= 2008 European Union stimulus plan =

Economic policy in the European Union

On 26 November 2008, the European Commission proposed a European stimulus plan (also referred to as the European Economic Recovery Plan) amounting to 200 billion euros to cope with Great Recession in Europe and the 2008 financial crisis. It aimed at limiting the effects of the Great Recession through national economic policies, with measures extended over a period of two years.

==Presentation of the plan==
The European Commission published a plan on 26 November 2008 responding to the current economic crisis in the 27 member countries of the Union. The plan combined short-term measures to stimulate demand and maintain jobs and longer-term measures to invest in strategic sectors, including research and innovation. The aim was to promote growth and ensure sustainable prosperity.

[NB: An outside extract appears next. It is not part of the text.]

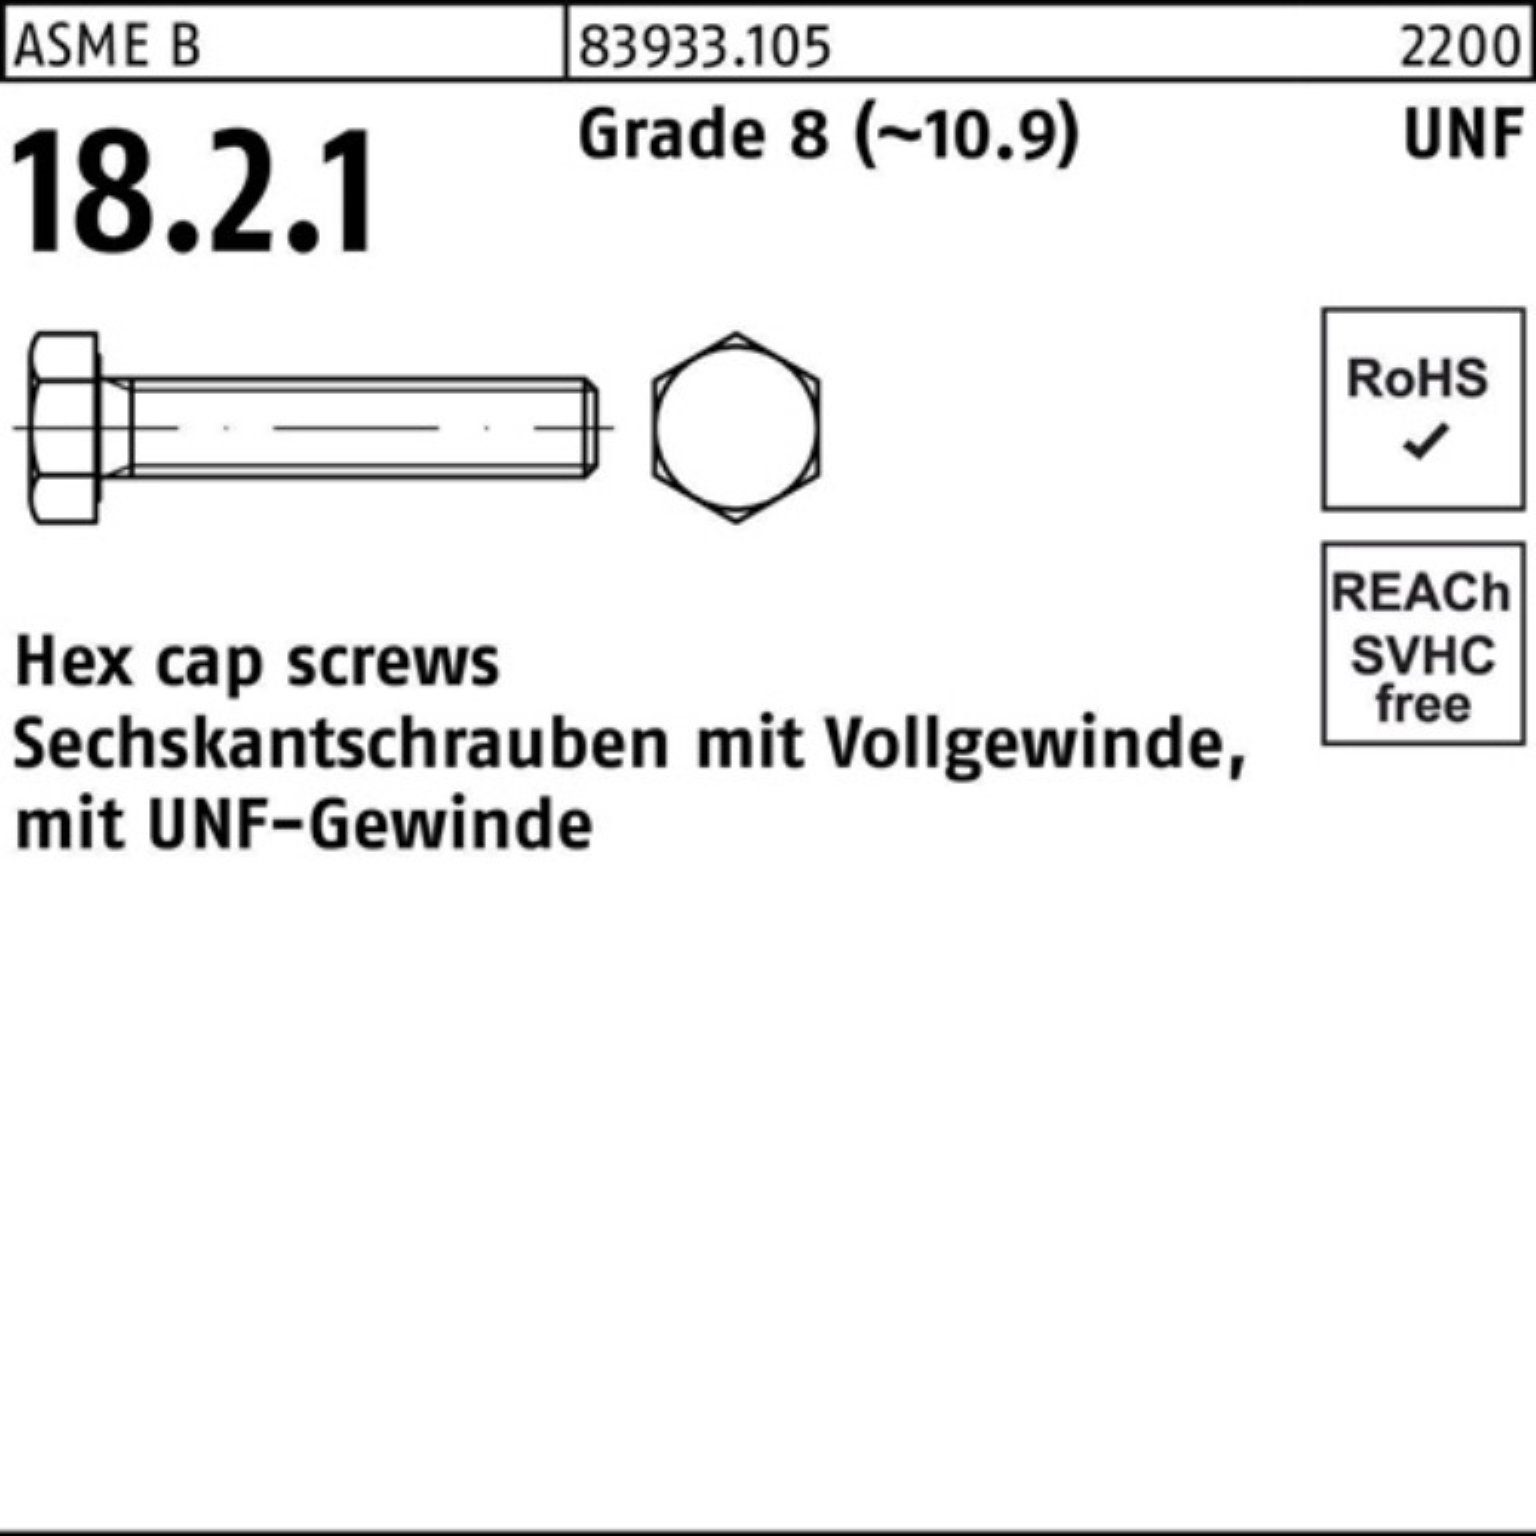 Sechskantschraube 8 5/8 1/4x Pack UNF-Gewinde Grade Reyher VG R 83933 Sechskantschraube 100er
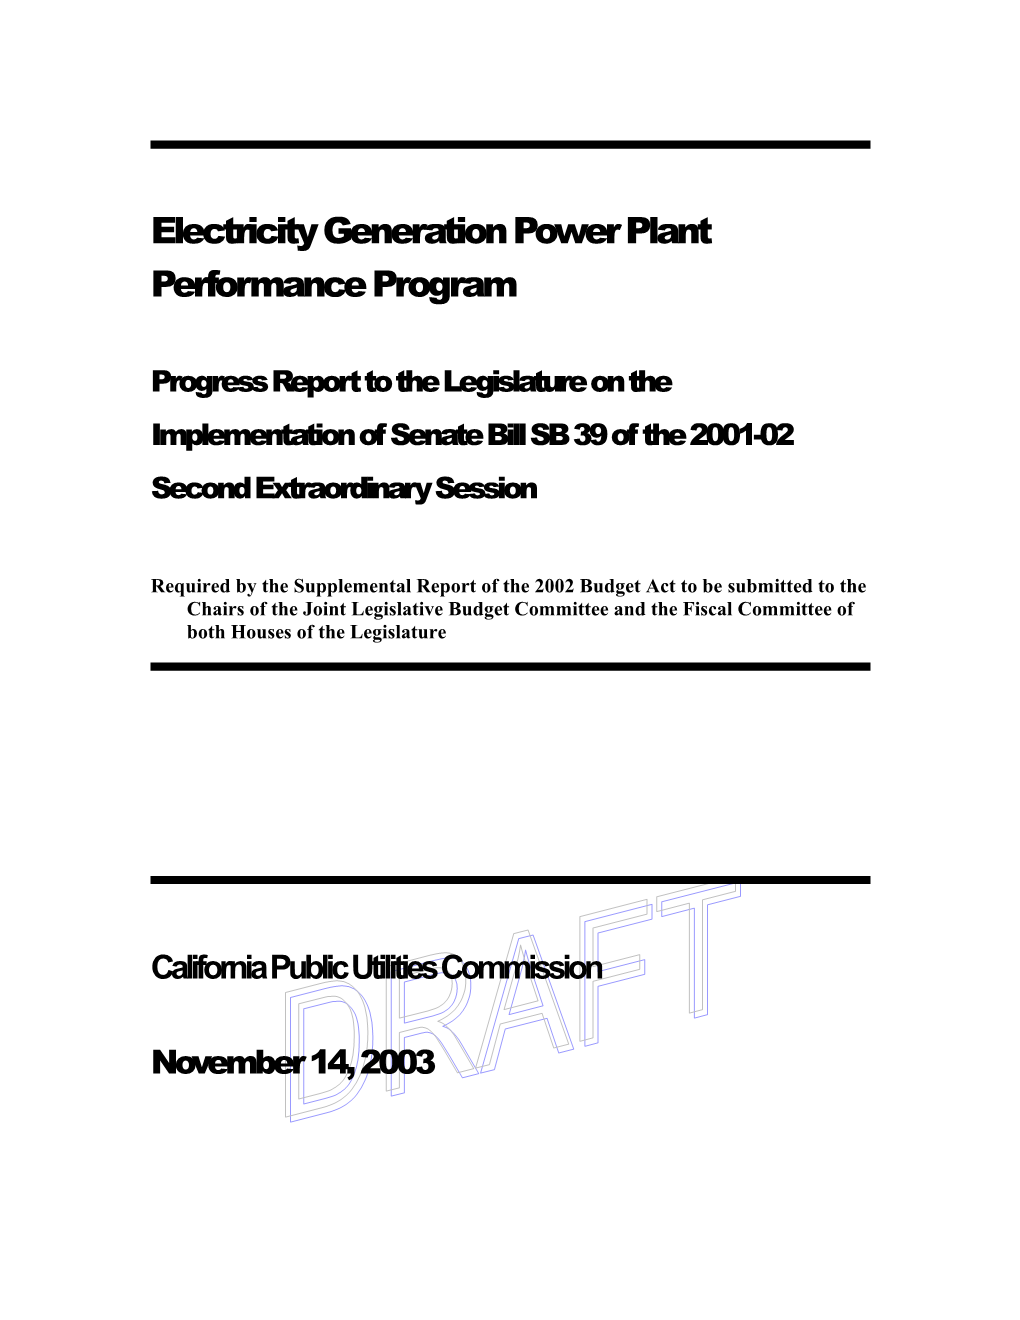 Electricity Generation Power Plant Performance Program

The plan included targeted and temporary measures amounting to 200 billion euros, or 1.5% of EU GDP, using both the national budgets of the national governments, the budget of the EU and that of the European Investment Bank. The plan also built on the Small Business Act for Europe, published earlier in June 2008, which was concerned with supporting the small business sector within the European Union.

==Measures==
The plan included a broad range of actions at the national level and at EU level to help households and industrial firms (particularly automobile and construction).

The measures included:
- reflation: the Commission would allow Member States to break the Stability and Growth Pact for two or three years.
- incentives to investment: the plan outlined measures to encourage the fight against climate change and promotes strategic investments in buildings and energy-efficient technologies.
- lower rates: the ECB was invited to drop its rates.
- tax rebates: lowering taxation on green technology and eco-friendly cars, accompanied by scrappage programs
- social measures: the Commission proposed that governments could temporarily increase unemployment benefits and their duration, to increase allowances to households, to lower taxes on low incomes, to lower social security contributions paid on low wages by employers, to reduce labour costs paid by employees with low incomes, to provide subsidized loans or credit guarantees for companies, to reduce temporarily the VAT rate to support consumption. The Commission announced it would adopt by mid-March 2009 a proposal to lower VAT rates for services with high labour-intensiveness (such as catering).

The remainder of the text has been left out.